The critical values you need for statistical tests directly depends on the question you are asking (and also the type of test you will need to perform). The type of questions we will deal with will concern themselves with one tailed and two tailed hypothesis tests for normally distributed data. While we be going over the technical points on how to perform hypothesis tests in the next section, we wanted to informally introduce some of the topics first.

Depending on the question you are trying to answer, the probability you want to allow for being wrong could be different. Here is a simple example (try not to overthink it). If you were trying to predict who would win the World Series for fun, one could allow for more error. If you are wrong, there is no negative consequence. However, if you were trying to predict the same game, but instead of having fun, you were betting money on your prediction, then you would care a lot more if you were wrong. Thus for the second instance, you would desire a threshold that is smaller of being wrong.

Each critical value is associated with a probability. Many times, the probabilities chosen are .10, .05, and .01. If the data is more extreme then the critical value, we would favor a different hypothesis. Essentially, observing data with a smaller p value states that it very unlikely to observe the data you have, if your original hypothesis is correct.

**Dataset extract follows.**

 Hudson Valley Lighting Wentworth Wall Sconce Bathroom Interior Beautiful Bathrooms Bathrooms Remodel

We will go over how to find these values for each test as the approach is similar, but has one or two differences that matter. The two circumstances we will deal with are one tailed and two tailed tests. Before I begin, this next few paragraphs will be discussing one tailed and two tailed tests very informally. We wanted to discuss these in the manner so that we can talk about these tests in an informal manner to carefully wade into these tests. We want the analyst to be able to understand this test in an intuitive way as well as technical.

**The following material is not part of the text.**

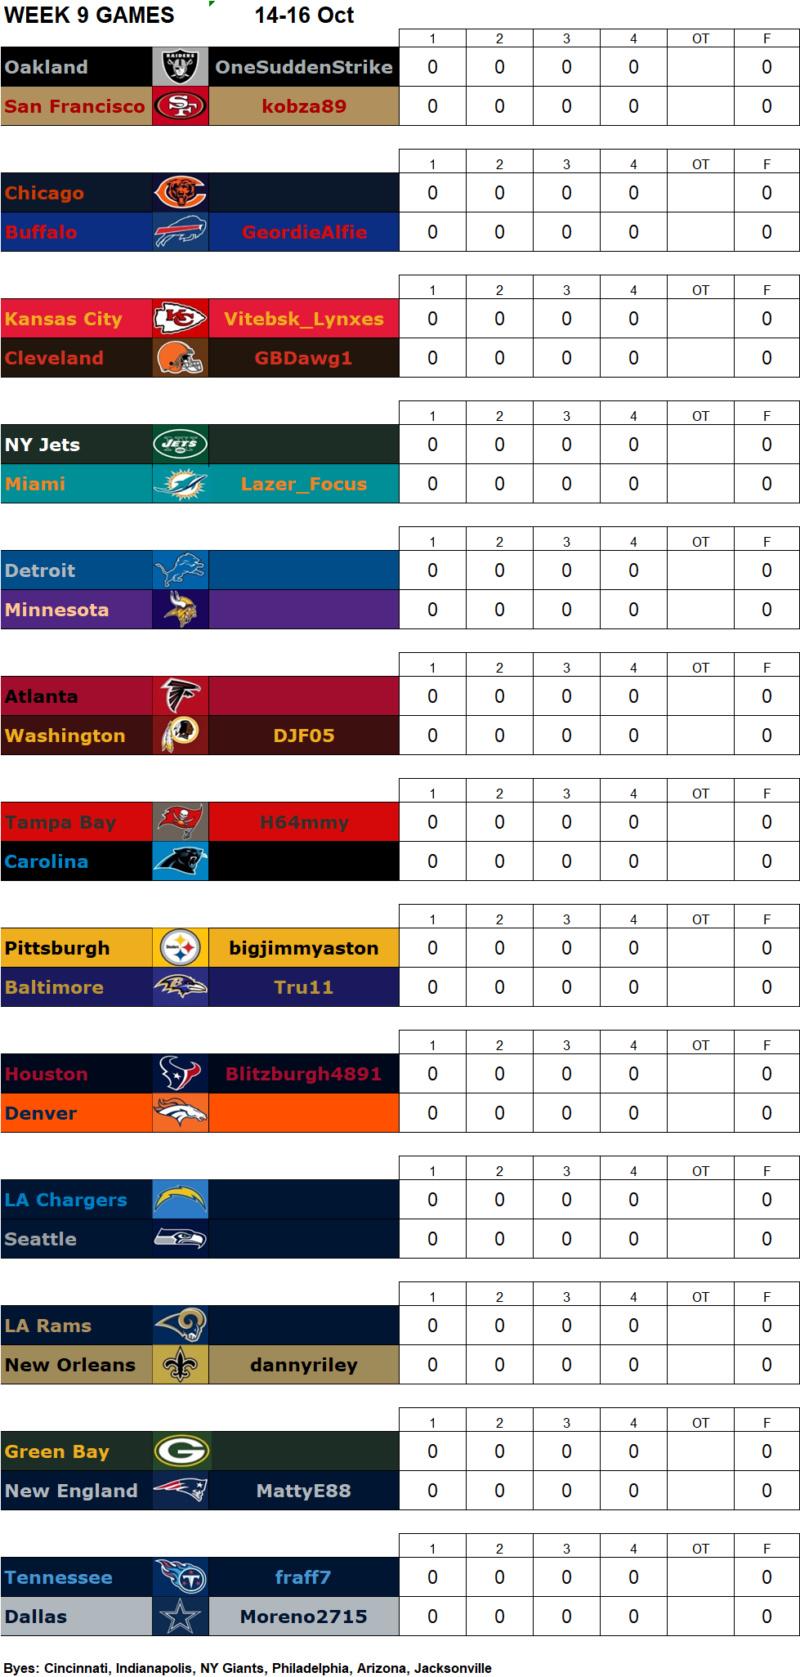 Week 9 Matchups, 14-16 October W9g11

One tailed tests say that we would have evidence to reject our prior beliefs in only one extreme. For example, if we are playing a game with a friend by flipping a coin. Every time a head appears, your friend must give you $1. Every time a tail appears, you must give your friend $1. Before you play with your friend, you want to test if the coin is fair. However, you might only test if the coin is biased in the direction that puts you at a disadvantage. Thus, if we let p equal the probability of heads, you would find it permissible to find p to be .5 or greater. However, the alternative hypothesis is that p is less than .5. Thus, you would use the coin if the data suggested that p is fair or in your favor. Otherwise, you would use a different coin. Simply put, we would use the coin if each side appears equally or if we observe more heads. If we observe more tails than heads, we would have evidence that the initial guess is incorrect. To perform such a test, we would put the probability of rejecting and being wrong on one side. Figure 1 shows the values concerned for this critical value for a normal distribution. While the example does not relate to this distribution, we believe that the normal distribution is an easier to understand for beginners.

Figure 1
Figure 1

Two sided tests essentially state that we are concerned about data being too large or small in comparison to our original beliefs. Returning to our previous example, if we were concerned about being a good fair person, then we would want to confirm that the coin is not unbiased for heads or tails. Thus, we would be concerned if too many tails appeared, or if too many heads appeared. Figure 2 shows a two tailed test’s critical values and their rejection regions.

Figure 2
Figure 2

To better understand critical values and their usage, let’s formally discuss hypothesis testing.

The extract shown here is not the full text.